Laughing Meme

I was thinking about doing one of those my most popular blog posts of 2008 vs my favorite blog posts of 2008 posts (see Sippey for an archetype of the genre). And I noticed that the pickings were kind of sparse: 152 posts in 2008 including MLPs[1] and photo posts. Which got me wondering how that stacks up against past years:

2009: (1)
2008: ++++++ (152)
2007: ++++++++ (199)
2006: ++++++++++++++ (359)
2005: ++++++++++++++++++++++++ (602)
2004: ++++++++++++++++++++++++++++++++++++++++++ (1058)
2003: +++++++++++++++++++++++++++++++++++++++++++++++++++ (1268)
2002: ++++++++++ (249)

Maybe I’ll try to get back to and find those populate and best posts, but right now I’m trying to decide how I feel about the those posting trends.

1. What’s an MLPs: when I had my link blogging separated out as a separate stream, that blog was called MLPs, short for “Mindless Link Propagation”, the kuro5hin category for link blogging.

Spent a couple hours last night writing the core of a stripped down, PHP4 compatible API library for Amazon SimpleDB (in the style of my flickr simple library. Just not a fan of abstraction for its own sake). In the process I discovered that Amazon had revved the version on their “Signature Method”. Which is good news as SignatureVersion 1 contains a classic crypto-blunder in its design, namely it encourages collisions. (more details, also why you care about collisions) To date the solution was use SSL, and wait patiently, very patiently. So yay for Amazon fixing this! And in fairness, first couple of drafts of the OAuth spec contained a similar issue, though it got ironed out quickly. Yay for many eyes and the open web.

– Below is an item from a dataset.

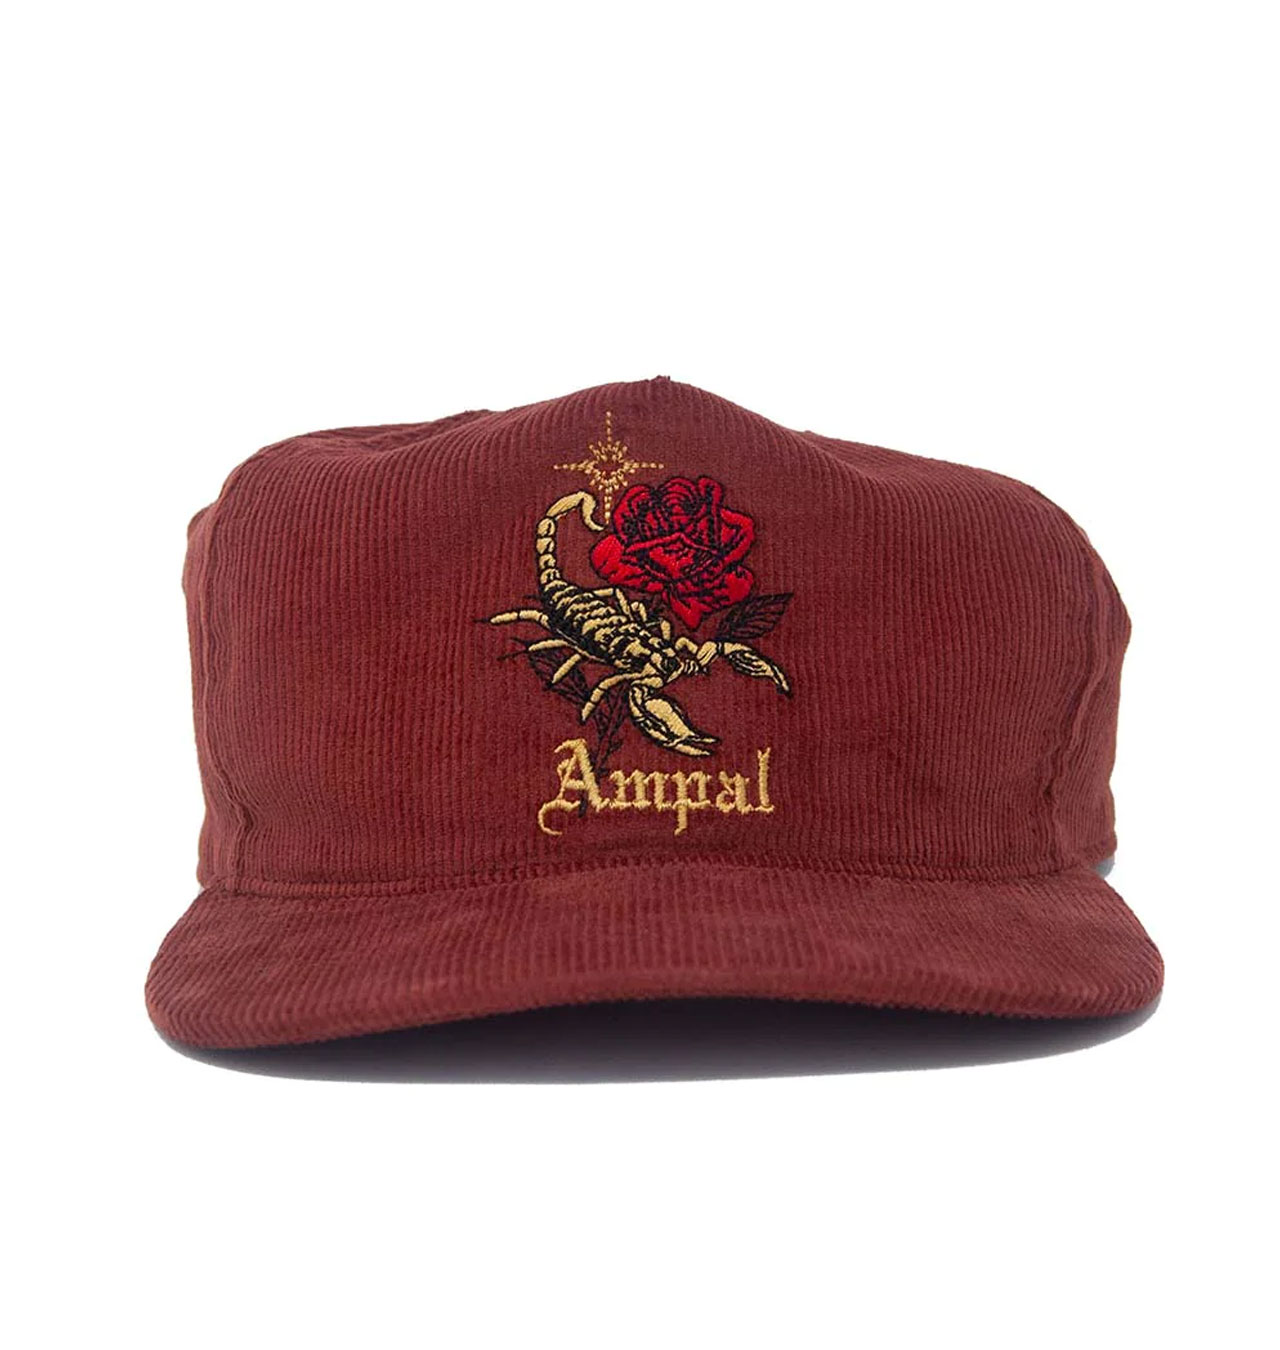 The Ampal Creative - Scorpio Cord Strapback Cap - Rust

“OAuth-compatible” signing

Great things are more secure, good news and all, but that isn’t what caught my eye. This block of text did:

Here is what’s different about forming the string to sign for signature version 2:

• You include additional components of the request in the string to sign
• You include the query string control parameters (the equals signs and ampersands) in the string to sign
• You sort the query string parameters using byte ordering
• You URL encode the query string parameters and their values before signing the request

You really have to be an OAuth-dork to find anything special with that paragraph, but if you were, you’d notice that those 4 bullets are an incredibly succinct description of generating an OAuth signature. (in fact a more succinct description then appears anywhere in the OAuth documentation

Which meant that my SimpleDB library can reuse most of the logic from my OAuth library to do the trickiest part of the API call, namely the signing. (Additionally it means that security reviews of both protocols support each other)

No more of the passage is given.